4. Kadam U. Redesigning the general practice consultation to improve care for patients with multimorbidity. BMJ. 2012;345:e6202.
5. Guthrie B, Payne K, Alderson P, McMurdo MET, Mercer SW. Adapting clinical guidelines to take account of multimorbidity. BMJ. 2012;345:e6341.
6. Barreto PS, Lapeyre-Mestre M, Mathieu C, et al. A multicentric individually-tailored controlled trial of education and professional support to nursing home staff: research protocol and baseline data of the IQUARE study. J Nutr Health Aging, In Press.

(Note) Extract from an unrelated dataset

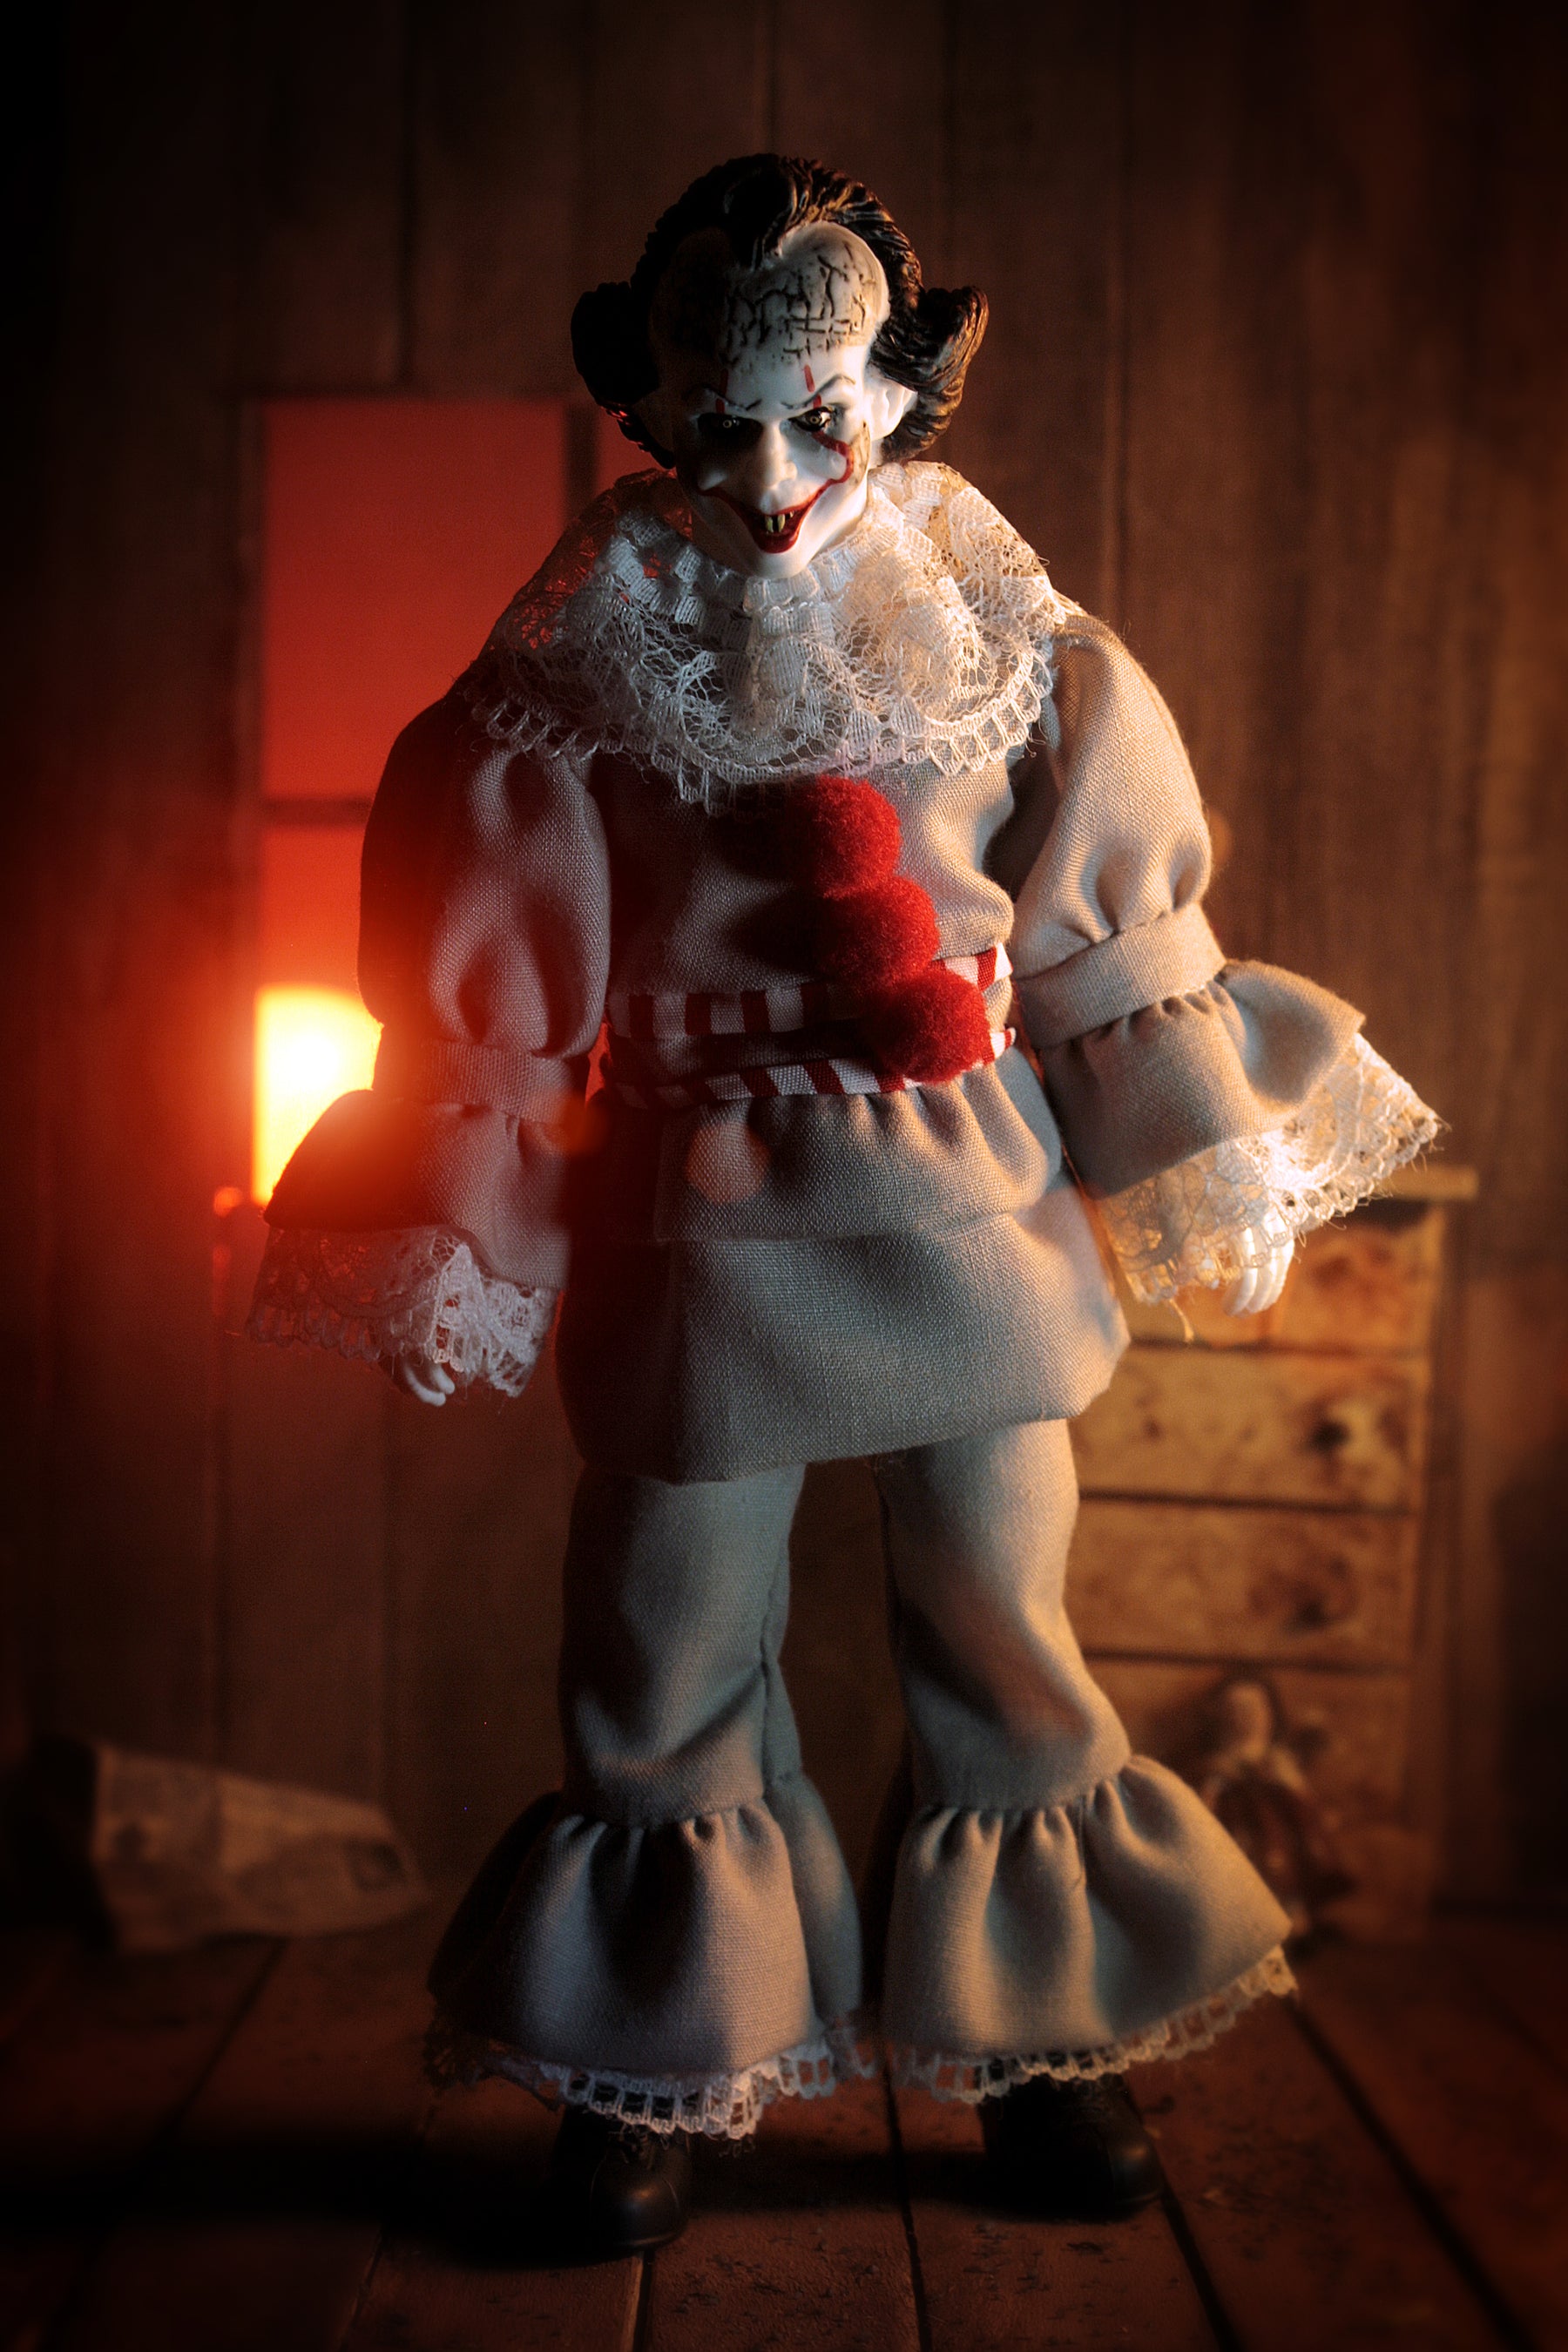 Mego Horror Wave 14 - Pennywise (2017) 8" Action Figure

7. Tolson D, Rolland Y, Andrieu S, Aquino J-P, Beard J, Benetos A, et al. International Association of Gerontology and Geriatrics: a global agenda for clinical research and quality of care in nursing homes. J Am Med Dir Assoc. 2011 mars;12(3):184-9
Competing interests: No competing interests
Re: Redesigning the general practice consultation to improve care for patients with multimorbidity
Kadam’s editorial and the excellent paper by Guthrie and colleagues in the same journal (1,2), accurately describe the challenges which physicians who regularly treat older patients must address.
Guthrie and colleagues rightly point out that a single disease focus; frequently deployed by secondary care physicians invariably does not do justice to the needs of such patients.
Problem lists are advocated both by the Royal College of Physicians and the British Geriatrics Society as beneficial in the assessment and management of older medical patients (3,4); however uptake in secondary care is very patchy.
In my own practice as a physician and orthogeriatrician; I find that the use of problem lists greatly assists the management of such patients; and in a recent audit we demonstrated that use of problem lists not only enhanced the care of such patients; but also improved the quality of communication with primary care.
We introduced problem list (PL)-based record keeping in our department by increasing awareness amongst medical staff at departmental meetings. PL were based on the method of Weed (5,6,7).
50 randomly selected case notes were reviewed post-discharge and PL made for each of them by independent senior clinician assessors. Notes were scrutinized for whether PL were made during admission; whether they were updated and accurate (>70% concordance with assessors), and for accuracy of discharge summary. We found that updated and accurate PL resulted in more accurate discharge summaries.
In an era when the medical care of inpatients is frequently discontinuous; the transfer of accurate information becomes ever more important, never more so than in the care the frail older patients with multimorbidity; who constitute nearly 65% of hospital inpatients (8). The completion of accurate; updated problem lists improve the transfer of accurate clinical information, the quality of communication with primary care; and therefore the quality of care.
1. BMJ 2012;345:e6202 (Published 17 September 2012)
2. BMJ 2012;345:e6341 (Published 4 October 2012)
3. Consultant Physicians Working with Patients RCP 2008
4. Comprehensive Assessment for the Older Frail Patient in Hospital. British Geriatrics Society 2005.
5. Hyatt R; Sen D et al. Problem lists in older in-patients: an old idea whose time has come? Submitted for publication 2012
6. Weed L et al, Archive Internal medicine, 1971, Vol. 127, Pg 101-105
7. Quality control and the medical record. Weed L et al, Arch. Int. Med. 1971, 127; 101-105
8. Hospitals on the Edge? Royal College of Physicians Sept 2012
Dr Ray Hyatt; consultant physician and orthogeriatrician; East Lancashire
Dr D Sen; SpR stroke medicine; Salford.